Type: Full vector database
Deployment: Supports both single-node and distributed deployments
Scaling: Clear path to scale for larger workloads
Metadata: Native support for storing and filtering metadata
Indexing: Only supports HNSW (Hierarchical Navigable Small World)
Integration: Works well with tools like LangChain, easy to integrate

Technology Comparison Summary

FAISS: Library vs. Chroma DB: Full database
FAISS: Single-node only vs. Chroma DB: Single-node and distributed
FAISS: Many indexing options vs. Chroma DB: HNSW only
FAISS: No native metadata support vs.
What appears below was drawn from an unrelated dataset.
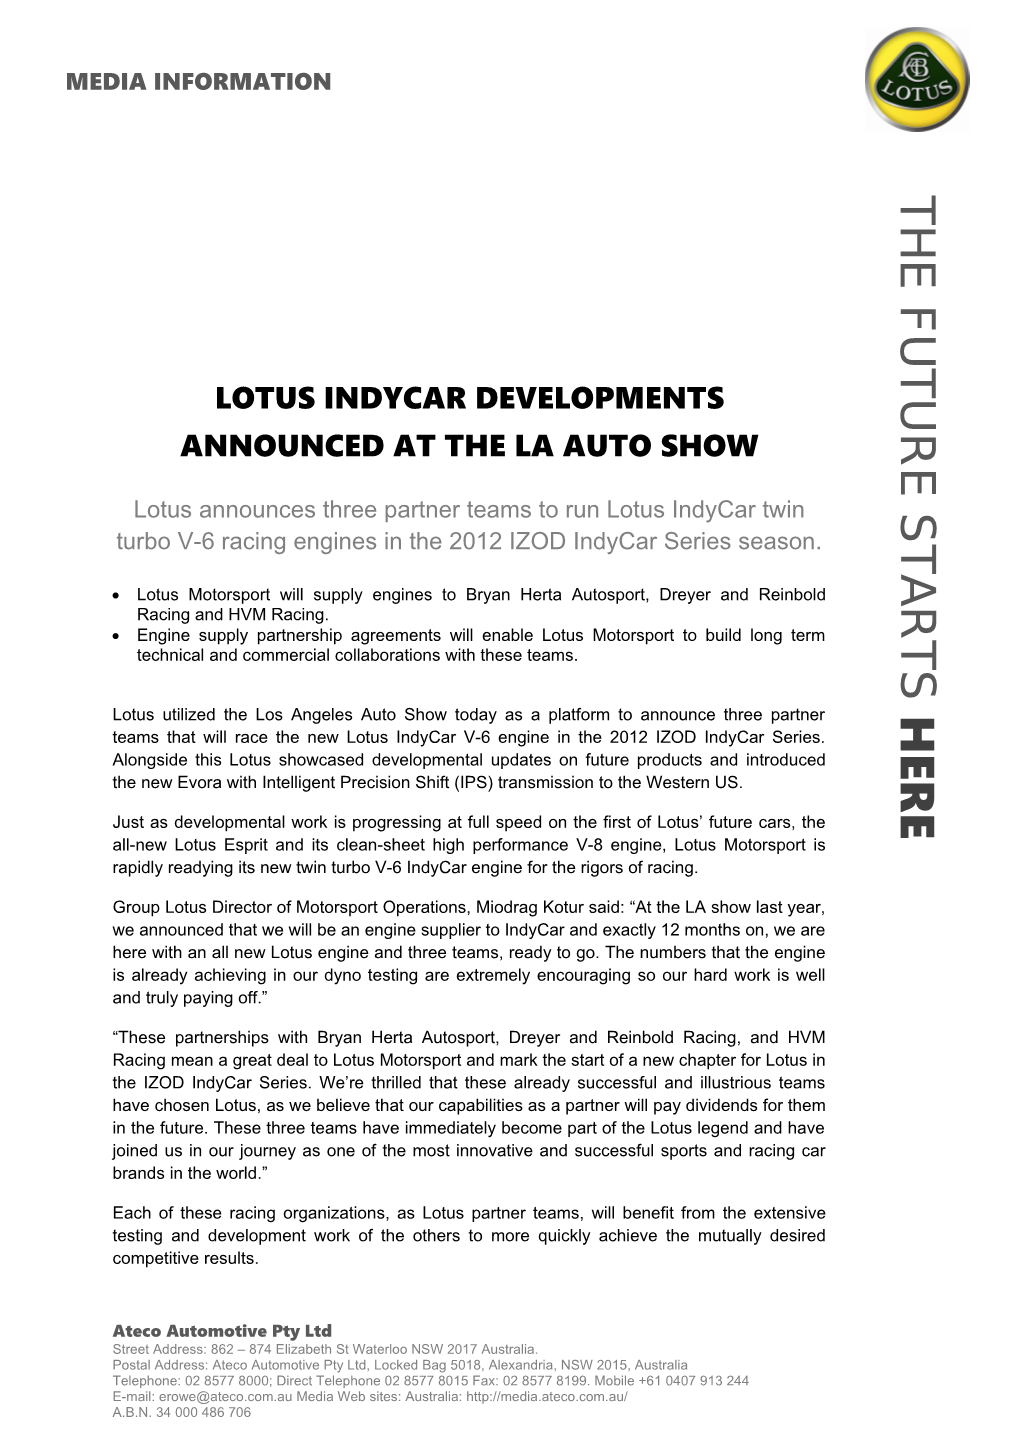 Lotus Indycar Developments Announced at the LA Auto Show

Chroma DB: Metadata support and filtering
Both: Work with LangChain and LlamaIndex

FAISS Index Types

Flat Index

A flat index compares the distance (using either Euclidean distance or dot product) between the query embedding and every vector in the vector store using brute force search.

Characteristics:

Method: Brute force comparison with all vectors
Accuracy: Very accurate approach
Performance: Very slow for large datasets
Use Case: Small datasets where accuracy is critical

Inverted File Index (IVF)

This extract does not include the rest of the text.